# EN: too - placement when it means "also"



## Stéphane89

Helle everyone,

I'm sure this question has already been asked, but I could find any topic about it back, so I'm opening a new thread...

I would like to know the difference between these sentence:

_I, too, like horses.
I like horses too._

Which one is the same as "I also like horses", and what does the other mean...

Thank you very much in advance!

*Moderator note:* Multiple threads merged to create this one.


----------



## marget

I think they can both mean "I also like horses". The first one puts the emphasis on "I", meaning in addition to someone else previously mentioned, but I feel that the second one can mean both "I, as well as someone else" and "horses, as well as other animals".


----------



## lrosa

I, too, like horses = Moi aussi, j'aime les chevaux

_I_ like horses _too_ (stress on "I" and "too" in speech) = Moi aussi, j'aime les chevaux
I like _horses_ _too_ = I like horses (in addition to something else that has already been mentioned)
I _like_ horses _too _= I like horses (in addition to watching them/riding them)

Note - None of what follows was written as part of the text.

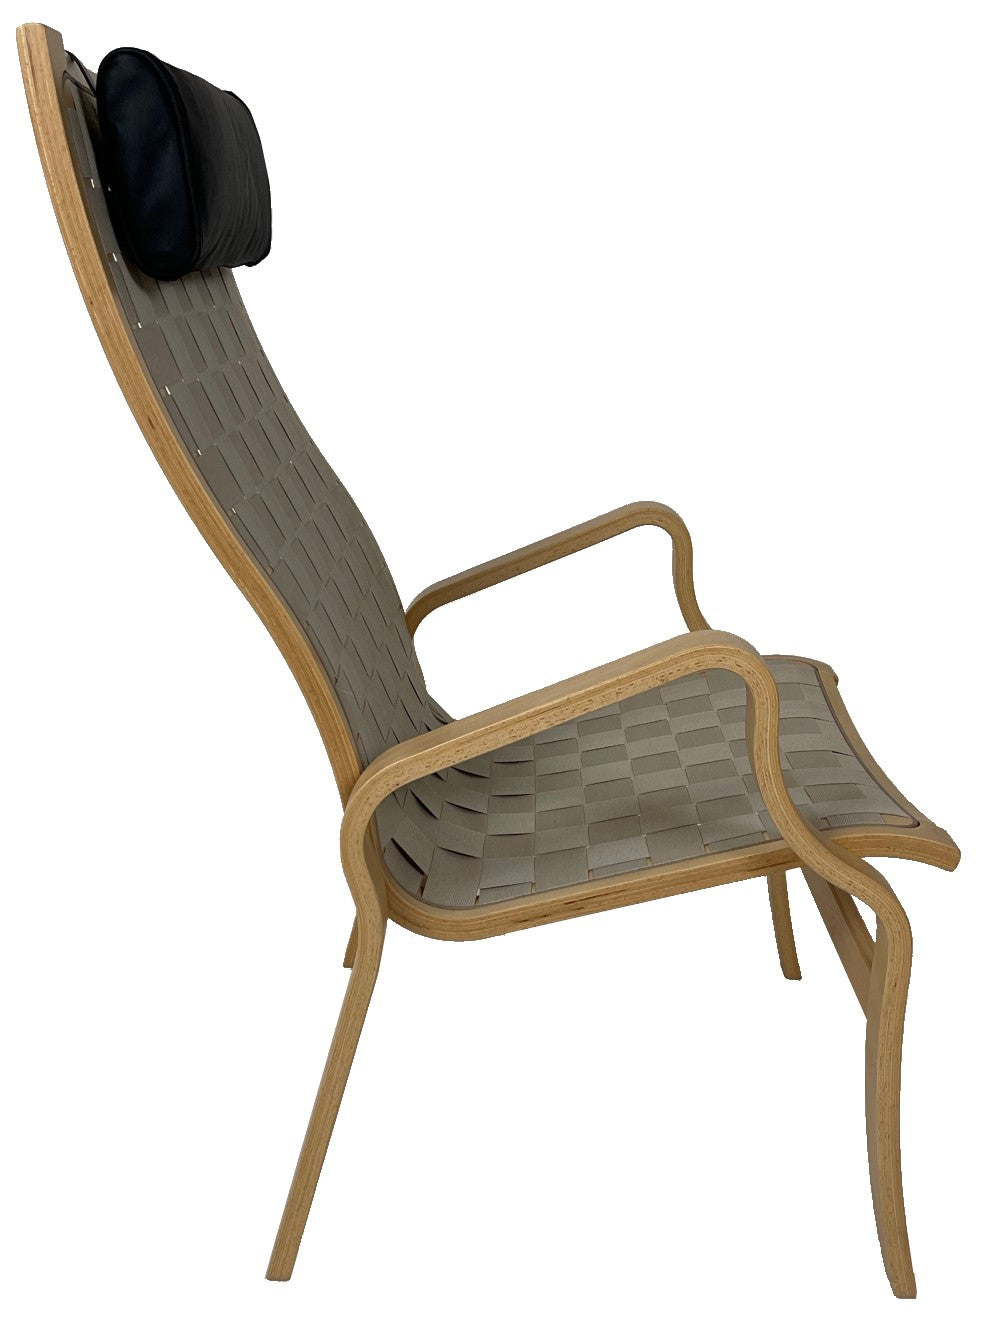 Nielsen Design Mobler Bern HB Occasional Chair w/ Ottoman

_I_ _also _like horses = Moi aussi, j'aime les chevaux
I _also _like _horses_ = I like horses (in addition to something else)
I also _like_ horses = I like horses (in addition to watching them/riding them)


----------



## djamal 2008

I like horses too. Too, here, is adverb of the verbe like. J'aime aussi.
I, too, like horses. Means I with other or others like horses. Moi aussi, j'aime les cheveaux.


----------



## lrosa

Actually, I think it all depends on the way you say it, i.e. which word you put the stress on. Therefore there can be three different meanings to "I like horses too". "I, too, like horses", however, is unambiguous


----------



## Rizla

StefKE said:


> _I, too, like horses.
> I like horses too._



La première phrase ça va dire "Comme les autres, j'aime les chevaux."

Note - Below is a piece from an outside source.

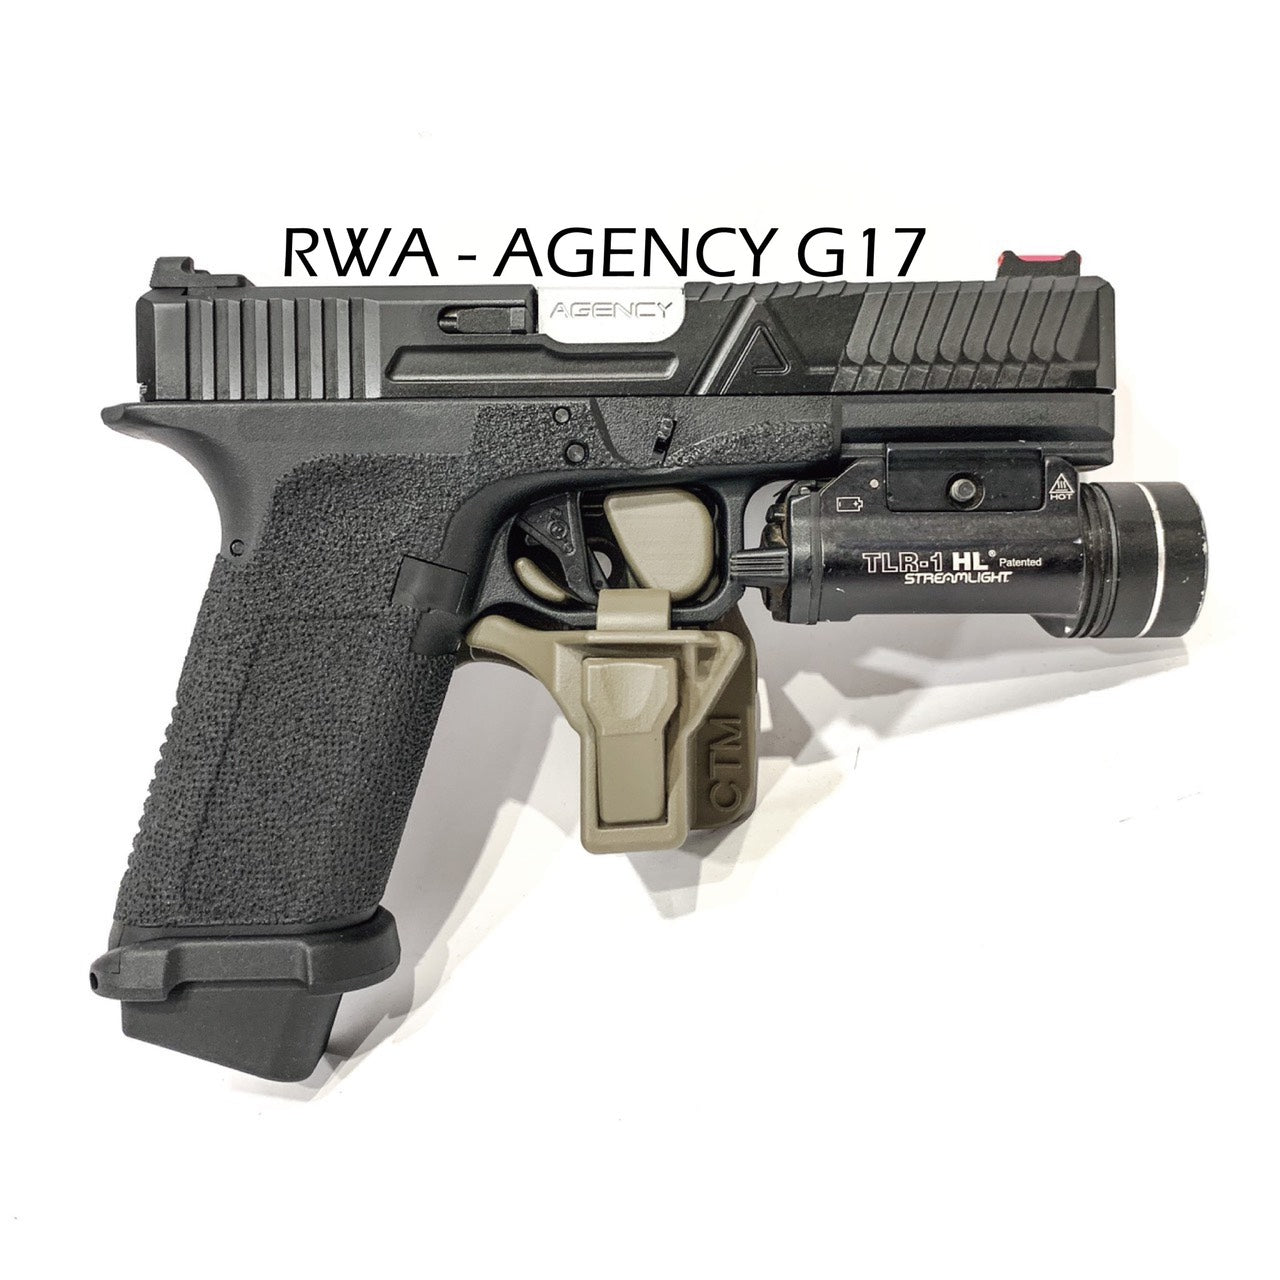 CTM - GA Holster for Glock / AAP01/C - Olive

En  général le deuxième ça va dire "J'aime aussi les chevaux", mais ce peut aussi  avoir la même signification que la première phrase. Ça dépend du contexte.


----------



## Nico Las

*He has a problem with it, too / He too has a problem with it*

Hi all,

What would be the correct sentence ? Is there any rules at all ? Is the meaning different like in French : ' je ne pense pas lui avoir dit' / ' je pense ne pas lui avoir dit' ?

 Thanks


----------



## Maître Capello

Les deux sont correctes. Dans la seconde, on insiste sur _he_ (→ _lui aussi_).


----------



## lucas-sp

Par contre, je dirais que "he, too, ..." sonne forcément plus soutenu que "he ... , too." Donc, pour moi, l'utilisation de "he, too ..." ne peut pas coincider avec la phrase verbale "has got a problem with it" (qui me semble vraiment "casual").

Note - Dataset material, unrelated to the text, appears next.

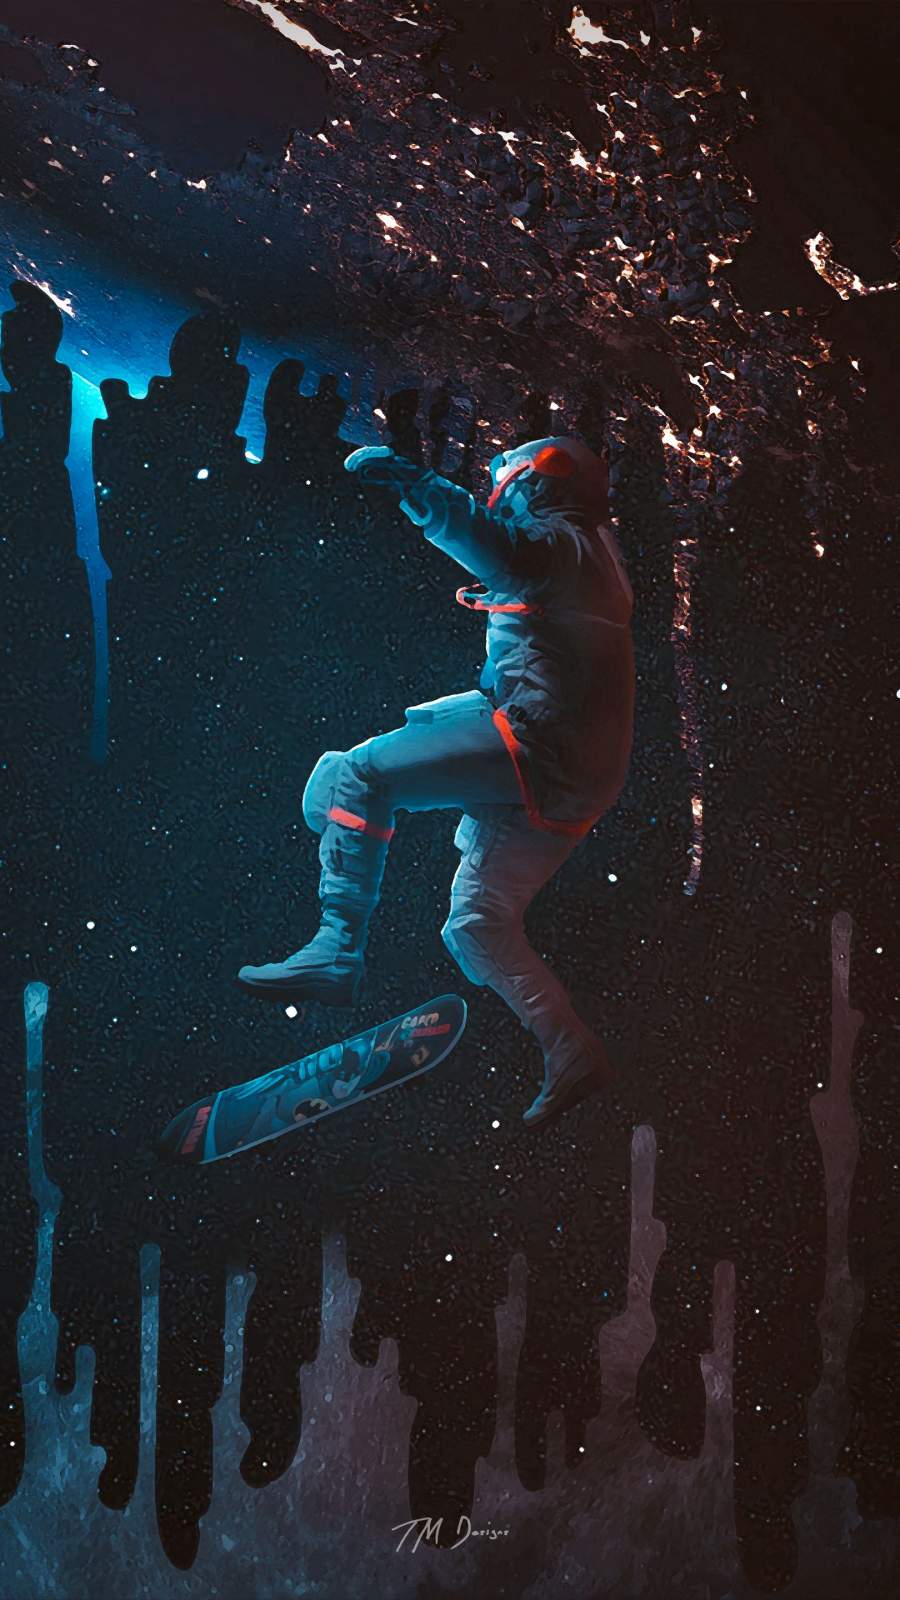 A person on skateboard in space - Skate, skater

"He, too, has raised concerns" marche bien, parce que le niveau linguistique de "to raise concerns" n'est pas incompatible avec celui de "he, too."

Et en revanche le mot "also" n'est pas assez soutenu que "too." J'accepte "He's got a problem with it also" comme "He's also got a problem with it." On peut insister sur "lui" en utilisant "He's also."


----------



## JeanDeSponde

Maintenant, si je reprends la phrase proposée (_He [too] has a problem with it [too]_), cela correspond en français à deux animaux différents:

_Lui aussi a un problème avec ça_ -> il n'est pas le seul à avoir un problème
_Il a un problème avec ça aussi_ -> ce n'est pas son seul problème
Je pense qu'il y a les mêmes cas en anglais : _He has a Mercedes, too_ vs. _he too, has a Mercedes_


----------



## Maître Capello

_He has a problem with it, too._
_He, too, has a problem with it._

Je pense que selon le contexte, la première phrase en anglais peut également avoir le même sens que la seconde. Ce ne sont donc pas forcément des « animaux différents ».


----------



## lucas-sp

I would say that:

He has a problem with it, too & He, too, has a problem with it = Il n'est pas le seul à avoir un problème
He has a problem with it, too = Il fait beaucoup de choses, dont "having a problem"
He has a problem with *that*, too = Ce n'est pas son seul problème ("it" isn't forceful enough; you need the punch of a more stressed pronoun if you want the meaning of "with that thing as well")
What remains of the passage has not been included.